N-S cross-section throught the Cascadia forearc. See Fig 7
Porritt et al 2011
PNW10-S is a Vsv model derived from fundamental mode Rayleigh
waves on ambient seismic noise cross correlations
Cross correlations span the entire US, with a handful of
stations in Canada and Mexico. The inversion solves for relative structure
from 33N to 49.5N latitude and 126W to 110W longitude, but we extract the well
resolved section from 38.2N to 49N and 126W to 119W due to its data density.
- Data source:
While our dataset focuses on two Flexible Array Experiment
(FACES and Mendocino) more than 1200 stations where used from the USArray transportable array, regional seismic networks, and temporary seismic deployments.
- Data type:
Phase velocities measured from inter-station paths with a
Frequency-Time Analysis procedure to prepare period dependent maps.
Phase velocities are converted to perturbations to the 1D WUS
model of Pollitz, 2009 with a crustal thickness determined by prior
receiver function analysis (Audet et al., 2010, Levander et al., 2007). The
relative phase velocities are then inverted with damped LSQR.
Horizontal resolution varies with spatial coverage and can
perhpas be best estimated around the minimum station spacing of ~50km. Vertical
resolution varies with depth as the shallower regions are more densely sampled
and can thus be considered better resolved, but we estimate an overall
vertical resolution of ~10km.
See the published manuscript for more detailed resolution analysis.
Porritt, R. W., Allen, R. M, Boyarko, D. C., and Brudzinski, M. R.,
Investigation of Cascadia Segmentation with Ambient Noise Tomography. Earth
and Planet. Sci. Lett., 309, 67-76. doi: 10.1016/j.epsl.2011.06.026, 2011.
Along strike variation in the characteristics of subduction zone processes has
been observed throughout the Cascadia Subduction Zone through analysis of arc
magmas and the distribution of seismicity. We investigate links between these
observations and subduction zone structure by imaging three-dimensional
lithospheric scale shear velocity with ambient noise tomography (ANT). The
crustal portion of the model is well resolved through typical ANT processing
techniques. We expand the methodology to use longer period phase velocities in
order to recover structure to ~120km depth. The resulting model, PNW10-S,
represents structural information in terms of relative shear velocity in the
crust and uppermost mantle.
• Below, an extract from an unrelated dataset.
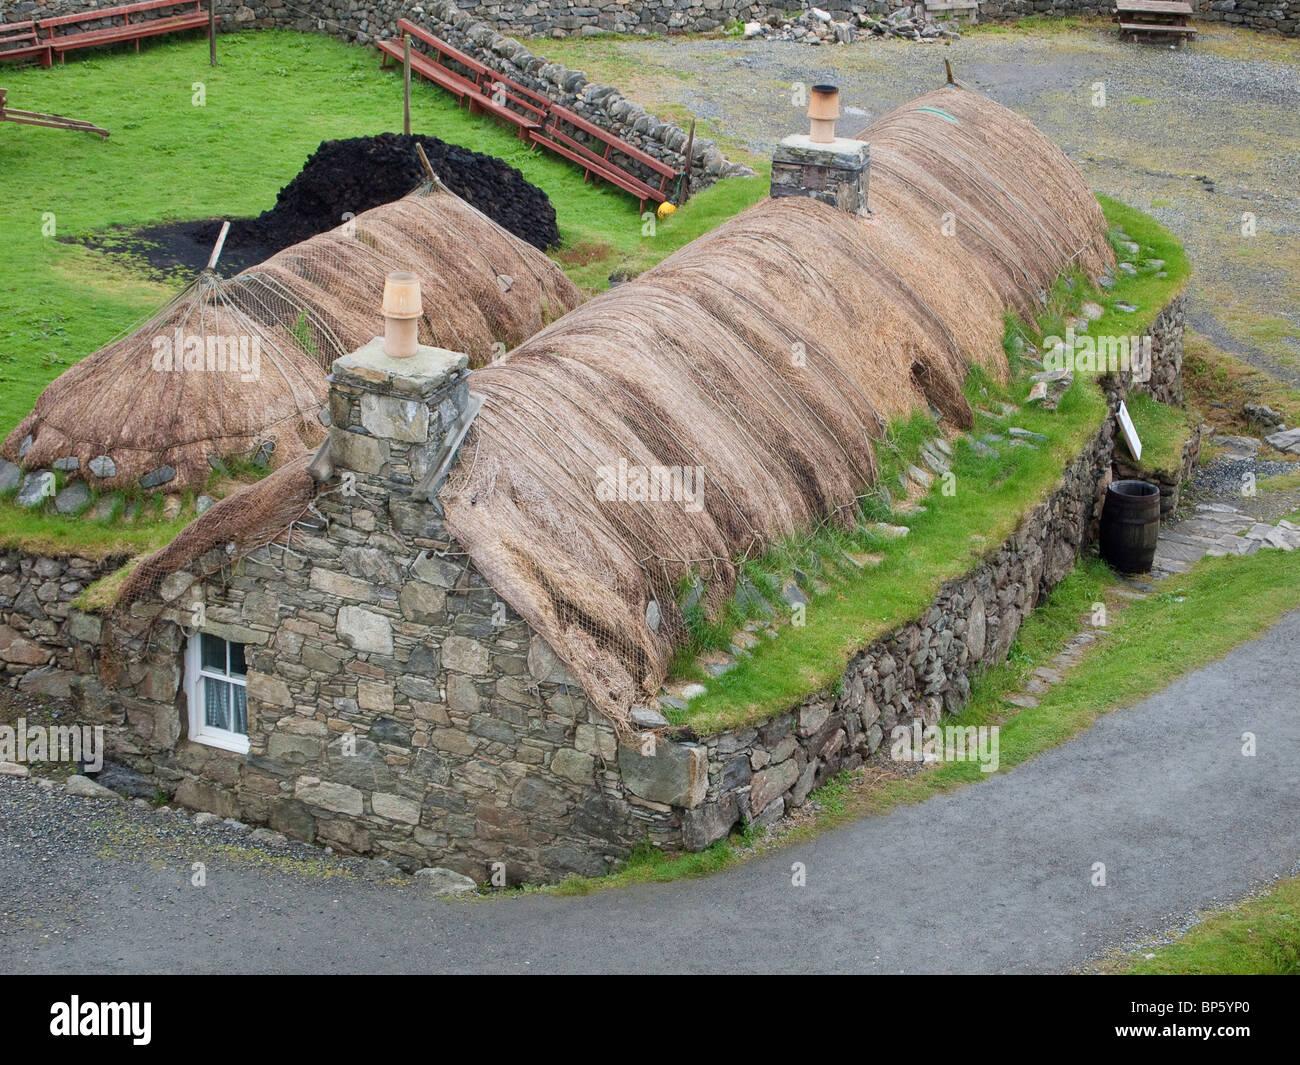 Black House at Gearrannan, Isle of Lewis, Scotland - Stock Image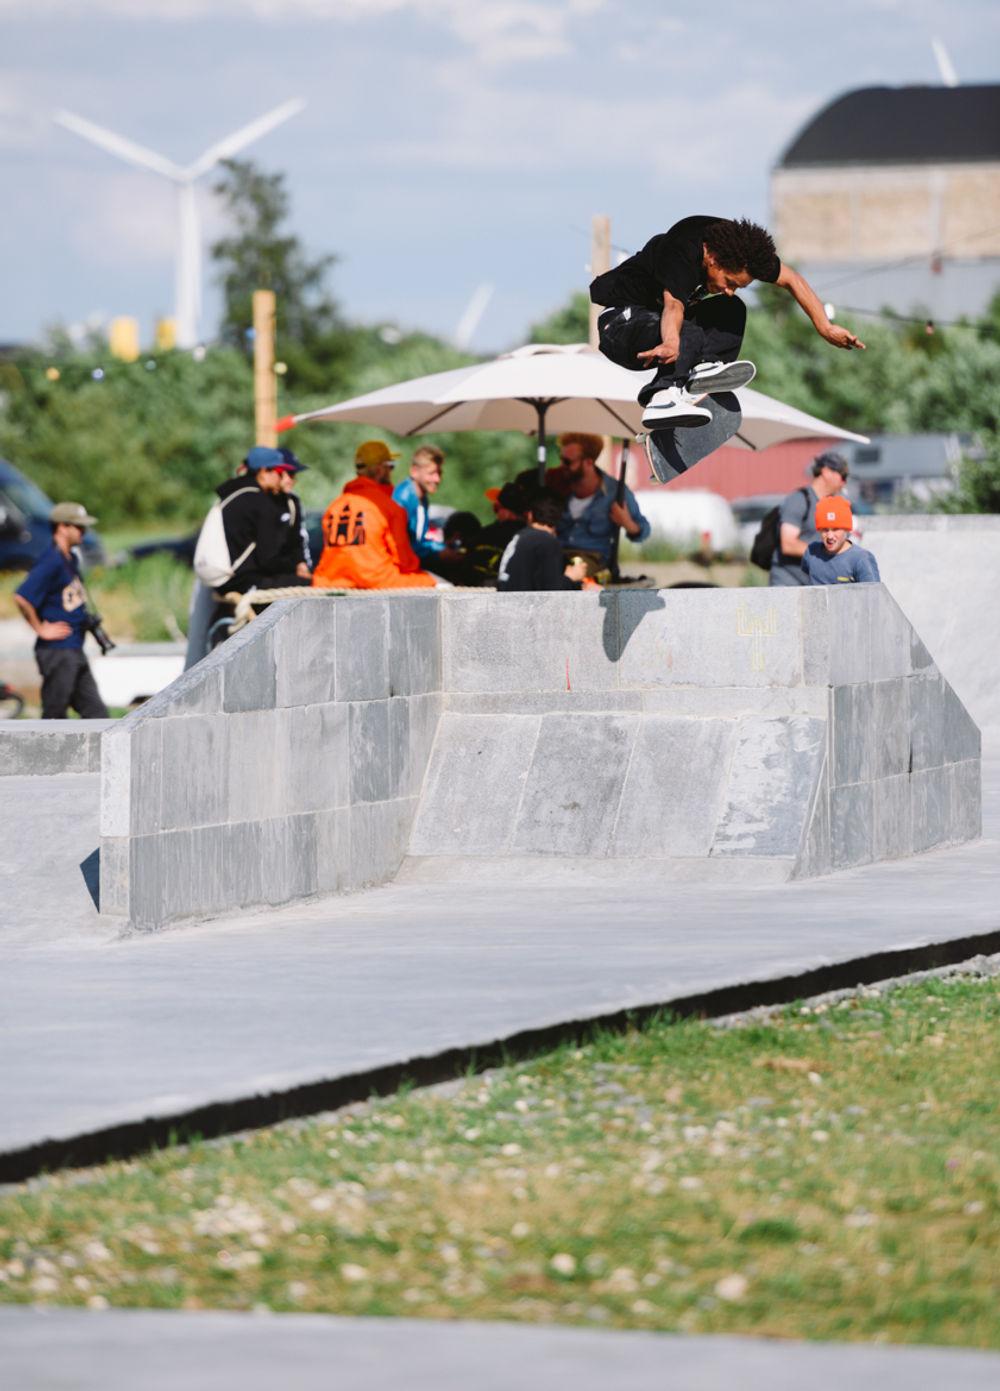 _IHC5742e-Kevin-Bradley-Kickflip-Nike-SB-Copenhagen-Open-Day-4-July-2015-Photographer-Maksim-Kalanep

Crustal structure mirrors surface geology to ~10
km depth and then transitions to a structure that is dominated by the
subducting slab. The subducting slab and overriding crust appear segmented
into three parts with boundaries near 43°N and 46°N. This three-way structural
segmentation is aligned with the variation in recurrence of episodic tremor
and slip along the subduction zone (Brudzinski and Allen, 2007). Upper to
middle crustal boundaries between the Klamath Mountains and Siletzia Terrane
(43N) and between the Crescent Formation and Olympic Peninsula (47N) are also
coincident with locations of increased occurrence of tremors raising the
question of whether there is a link between the intensity of tremor activity
and shallow (less than 10km) crustal structure. The slab-segment boundary at
43N is a stronger feature than the northern segment boundary at 46N and
appears to be the continuation of the Blanco Fracture Zone separating the
Gorda segment of the plate from the rest of the Juan de Fuca plate. The
southern half of the arc system, south of 45N, shows lower velocities from the
surface to ~80 km depth relative to the northern portion of the arc. We
propose this is due to clockwise plate rotation, which causes extension in the
south, and results in increased melting. Along the arc, four broad
low-velocity features are also imaged just below the Moho and centered at 42N,
44N, 47N, and 49N. We interpret these as ponding of melt just below the crust
where differentiation can occur before further ascent through the crust.